## Exercise instructions
Could you print the stretch of lines below from the one with "印度舞舞者 人 舞蹈 印度" through the one with "Power Series V-1 Million", exactly as they stand and without any pictures?

## Records supplied
════════════════

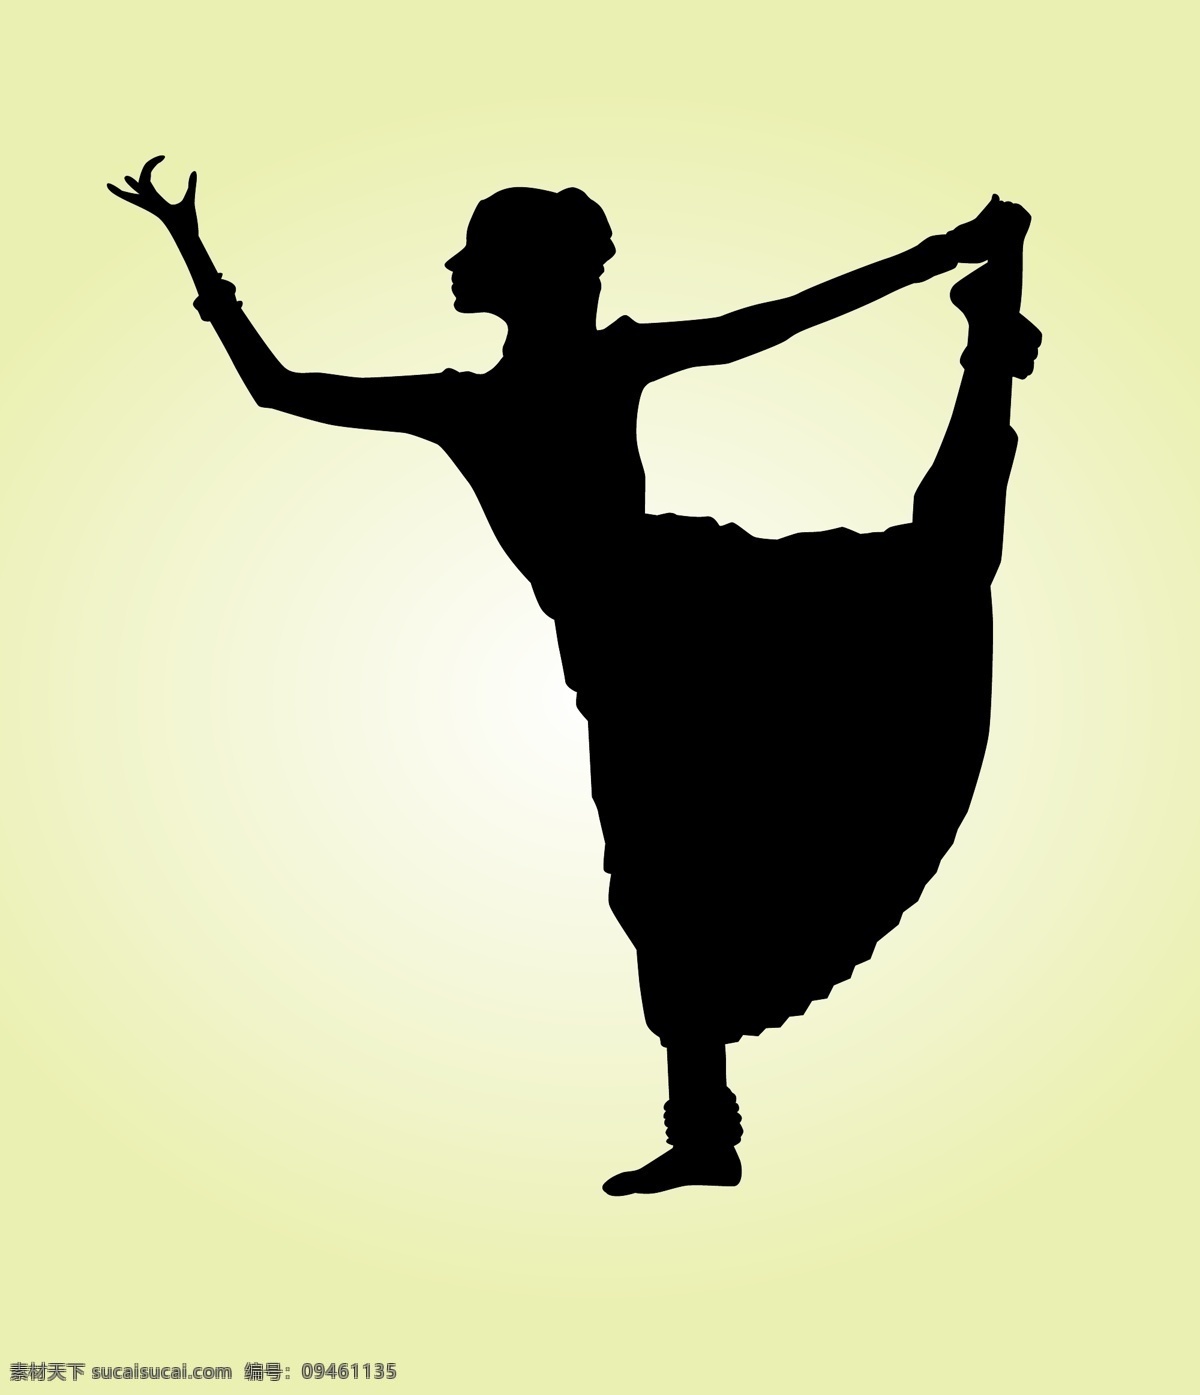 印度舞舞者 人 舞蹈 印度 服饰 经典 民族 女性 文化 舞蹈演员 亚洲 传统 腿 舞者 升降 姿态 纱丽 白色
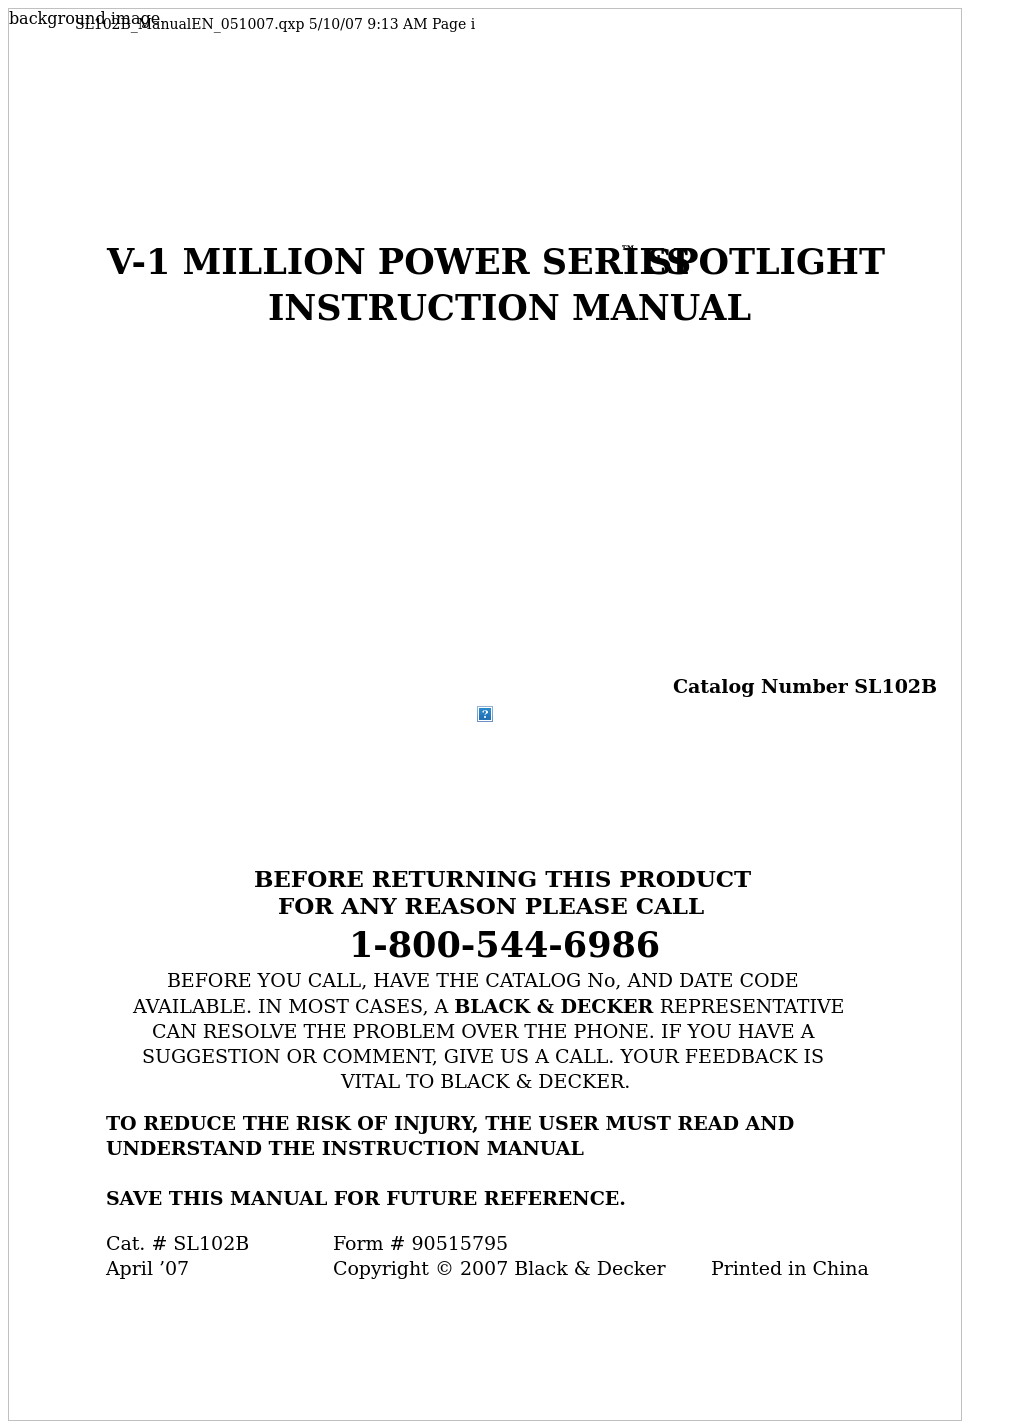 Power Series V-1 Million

════════════════

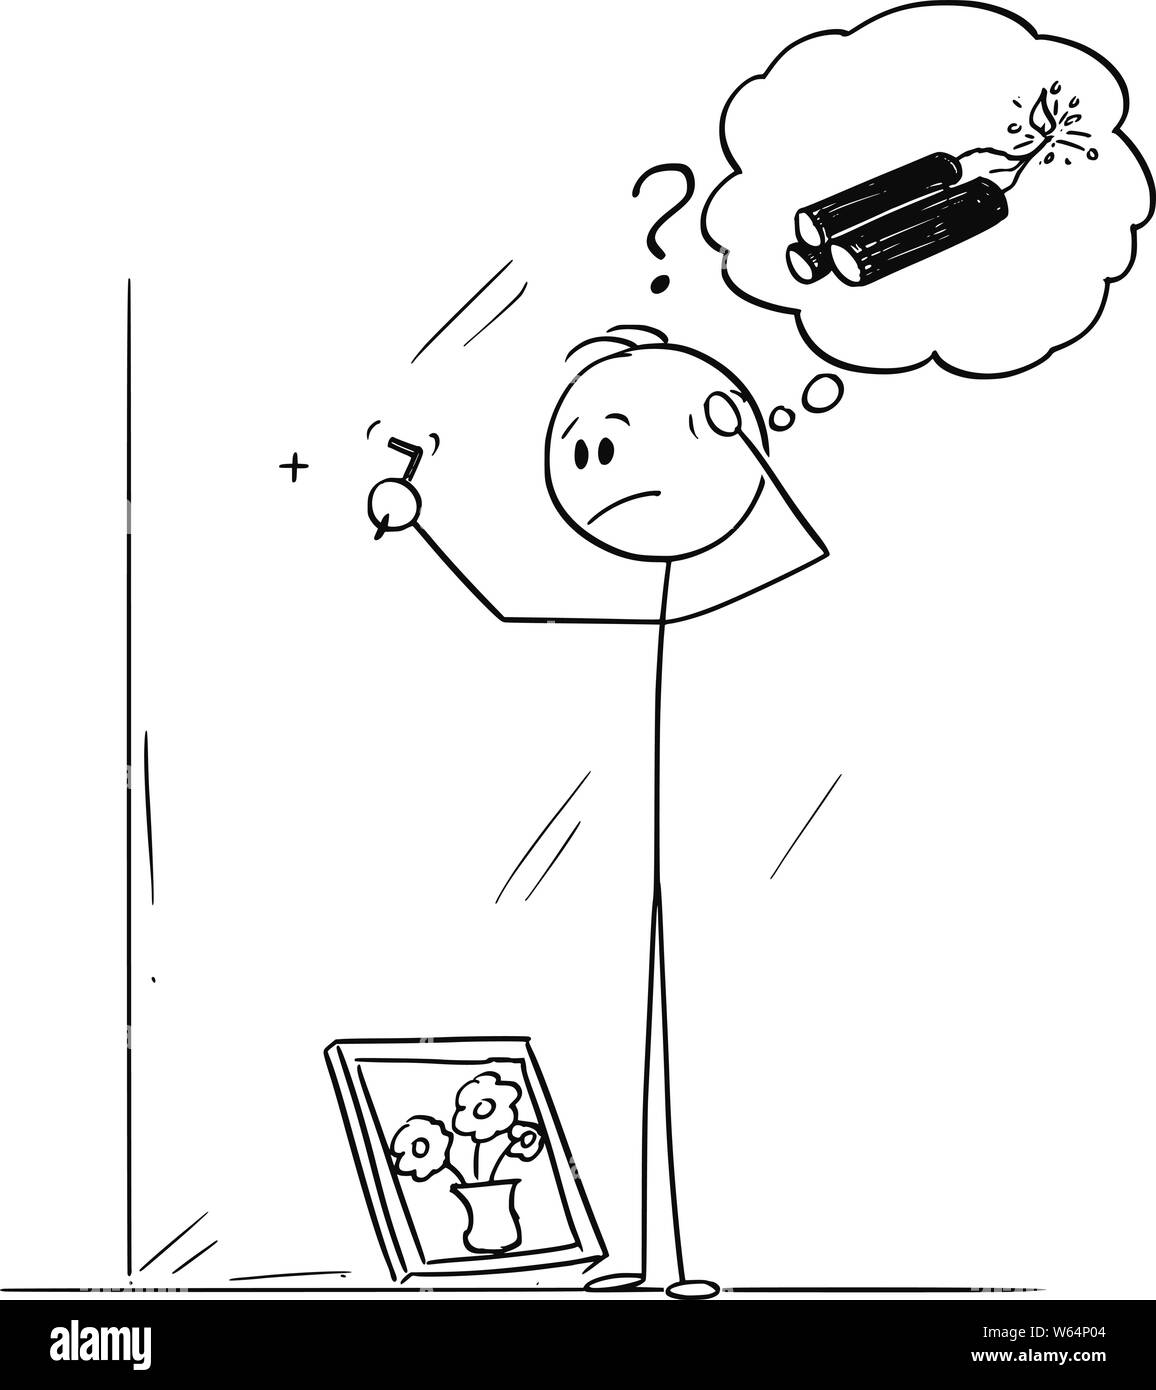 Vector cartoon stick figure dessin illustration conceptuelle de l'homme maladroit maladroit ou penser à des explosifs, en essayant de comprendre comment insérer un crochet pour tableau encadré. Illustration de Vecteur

════════════════

## Task solution
 印度舞舞者 人 舞蹈 印度 服饰 经典 民族 女性 文化 舞蹈演员 亚洲 传统 腿 舞者 升降 姿态 纱丽 白色
 Power Series V-1 Million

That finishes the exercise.